What Does Bain & Company Want From Its MBA Hires In 2018?

Keith Bevans, Bain’s global head of consulting recruitment, explains what MBA students can do to stand out

Speaking to BusinessBecause in January 2017, Keith Bevans, Bain & Company’s global head of consulting recruitment, laid down the marker for the year ahead.

He set out to hire a record number of consultants in 2017, eclipsing the 400 hired a year previously. He did just that.

This year, the plan is to hire around 500 MBAs into consulting positions at Bain. Bain will also hire a record number of MBA interns this summer—90% of interns get offers to join Bain full-time.

Working for Bain is not the same as working for McKinsey or BCG. Bain has 55 offices in 36 countries around the world. It’s worked with over 4,600 companies in every region of the world. It’s ranked in Glassdoor’s top-four companies to work for every year for the last ten years.

Keith, an MBA graduate from Harvard Business School, has headed up global consulting recruitment at Bain since 2013. He speaks with hundreds of MBA students on-campus each year.

What does he look for in his MBA hires? What can MBA students do to stand out in 2018? BusinessBecause caught up with Keith to find out more.

What business schools do you recruit from?

We focus our efforts on the top-20 business schools—like Wharton, Harvard, INSEAD, LBS, IE Business School, Kellogg, Chicago Booth. I was at Tuck this year; Ross the other week. We’ve also had a ton of growth at programs like Yale, which continue to impress us with the engagement that their administrations give us and the energy their students have.

Overall, we hired MBAs from little over 60 schools last year. Even if you’re not at a top-20-ranked school, if you’re a strong candidate, not only do we want to hear from you, there’s a good chance you’ll be able to get a job with us.

How important is the MBA internship?

On average, a third of our MBA hires would have done an internship with us. Still, less than half of the incoming class are former interns. We are the only one of the three management consulting firms that make a consistent, concerted effort to hire second-year MBAs.

How do you view graduates from Master’s in Management (MiM) programs in comparison?

It’s something we’ve talked about a lot. Bain is a true meritocracy. For us, it’s about finding the right mix of qualifications and experience for candidates to be successful in the firm.

In the US, we’ll mostly hire MiM grads as associate consultants—not at the same level as MBAs—because they typically don’t have the same experience as MBA students have. What we are yet to see—and what we would expect—is that they would accelerate differently to an undergraduate hire for example.

Certainly, in Europe, there are people on those programs who have been in the workforce for a long time, and we would look at them differently.

What can job applicants do to stand out?

When I started 20 years ago, I would go to campus and explain what consulting was all about. Now, students have that knowledge. The candidates that stand out are ones that understand the subtle differences between the different consulting firms.

Bain’s business model is very different to its two competitors. The fact that there’s a very practical, real-world application to our results; the fact that, at Bain, you don’t specialize early in your career because we want you to build that business understanding; the fact that our home office model means you’re actually part of a smaller family of people that’s personally invested in your success—that’s different.

At Bain, your offer would come from Bain Sydney, for example. It’s not a Bain & Co. offer, and that changes the way you work. The best students ask questions that show they understand those differences

What about big data analytics skills?

I trust that if you have a degree from a top institution, you’ve got the raw potential to be successful here. We can teach you the analytic tools and techniques you’ll need; having them is not a pre-requisite.

At the same time, we are seeing more MBA students taking classes in advanced analytics. I think that’s great—that’s where the market is going. What’s important is that MBA students understand the issues that are at the top of CEOs’ agendas right now, and take the courses to reflect that.

What makes a business school good to work with?

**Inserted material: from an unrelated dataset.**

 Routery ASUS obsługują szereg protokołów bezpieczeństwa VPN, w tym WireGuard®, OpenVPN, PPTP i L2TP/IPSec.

Industries like consulting are very popular on a lot of MBA campuses—it’s easy for students to follow the crowd.

The best b-schools encourage their students to be introspective; to understand what opportunities are out there, what they’re really good at, what they like, and where the best overlap of those things is for them to be successful in the next stage of their career. Those students look and sound different when they come and talk to us.

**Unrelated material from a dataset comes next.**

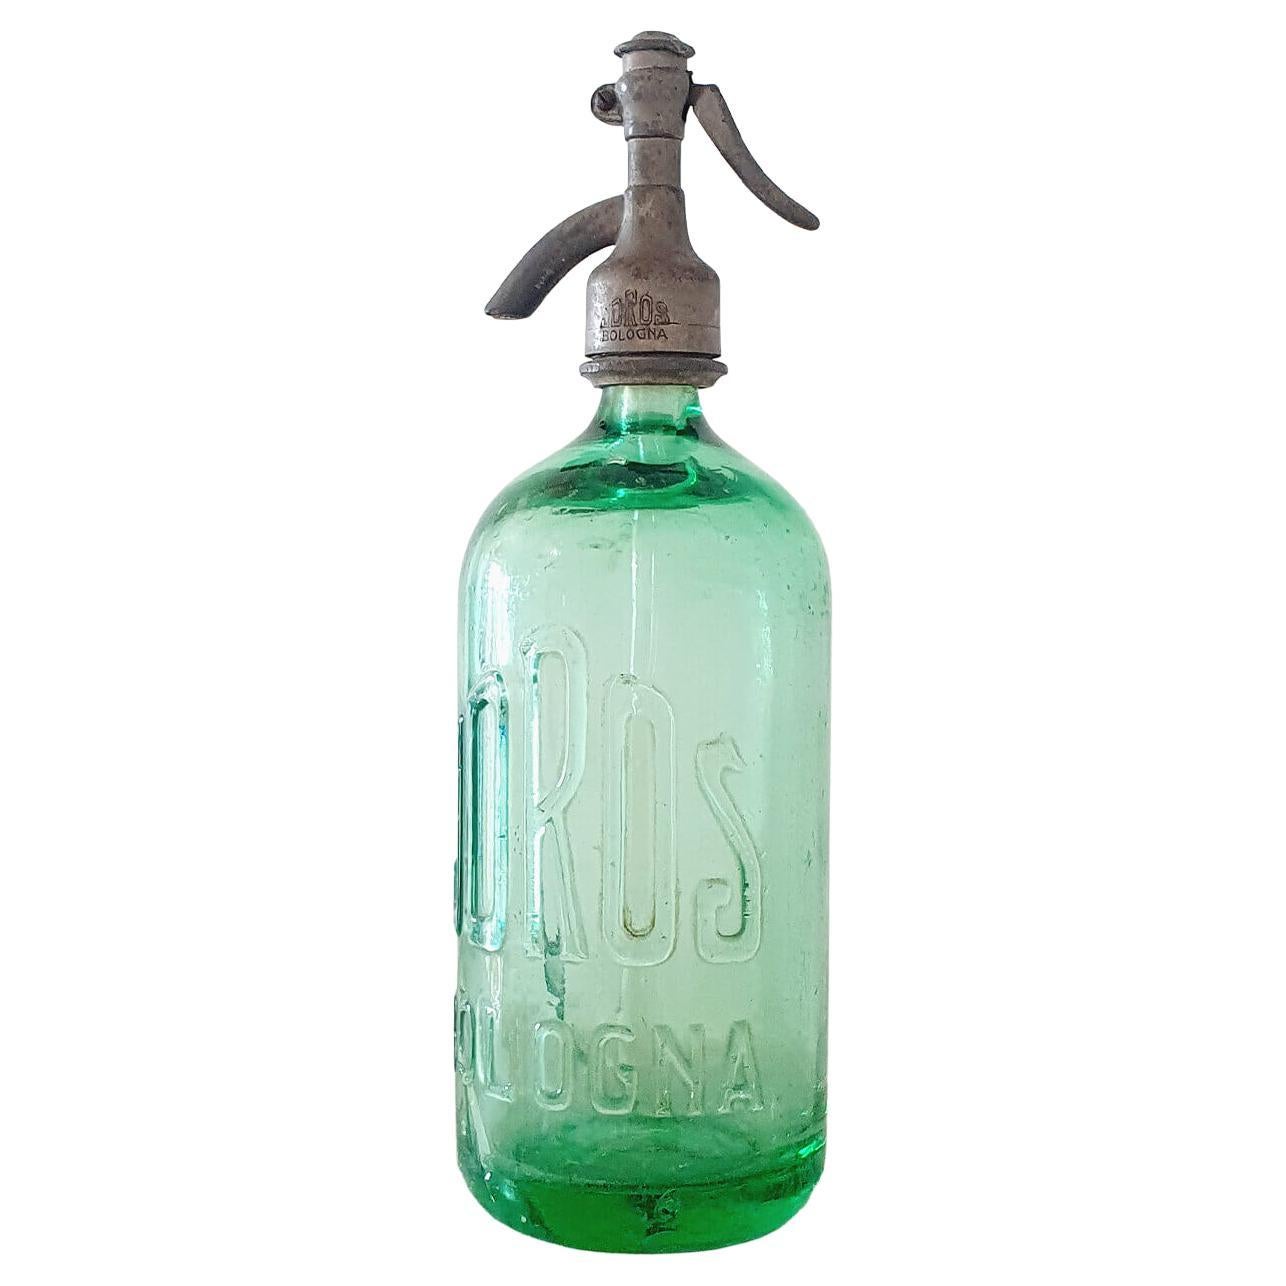 1940s Green Soda Bottle from Bologna

What is the biggest challenge MBAs will face working at Bain?

The biggest challenge is often the biggest draw and the biggest thrill; and that’s the learning curve. The learning curve will be one of the most challenging professional endeavors MBAs will experience, but also one of the best and most memorable.

We are looking for students that want to rise to the challenge, to solve the most difficult problems that companies are facing today.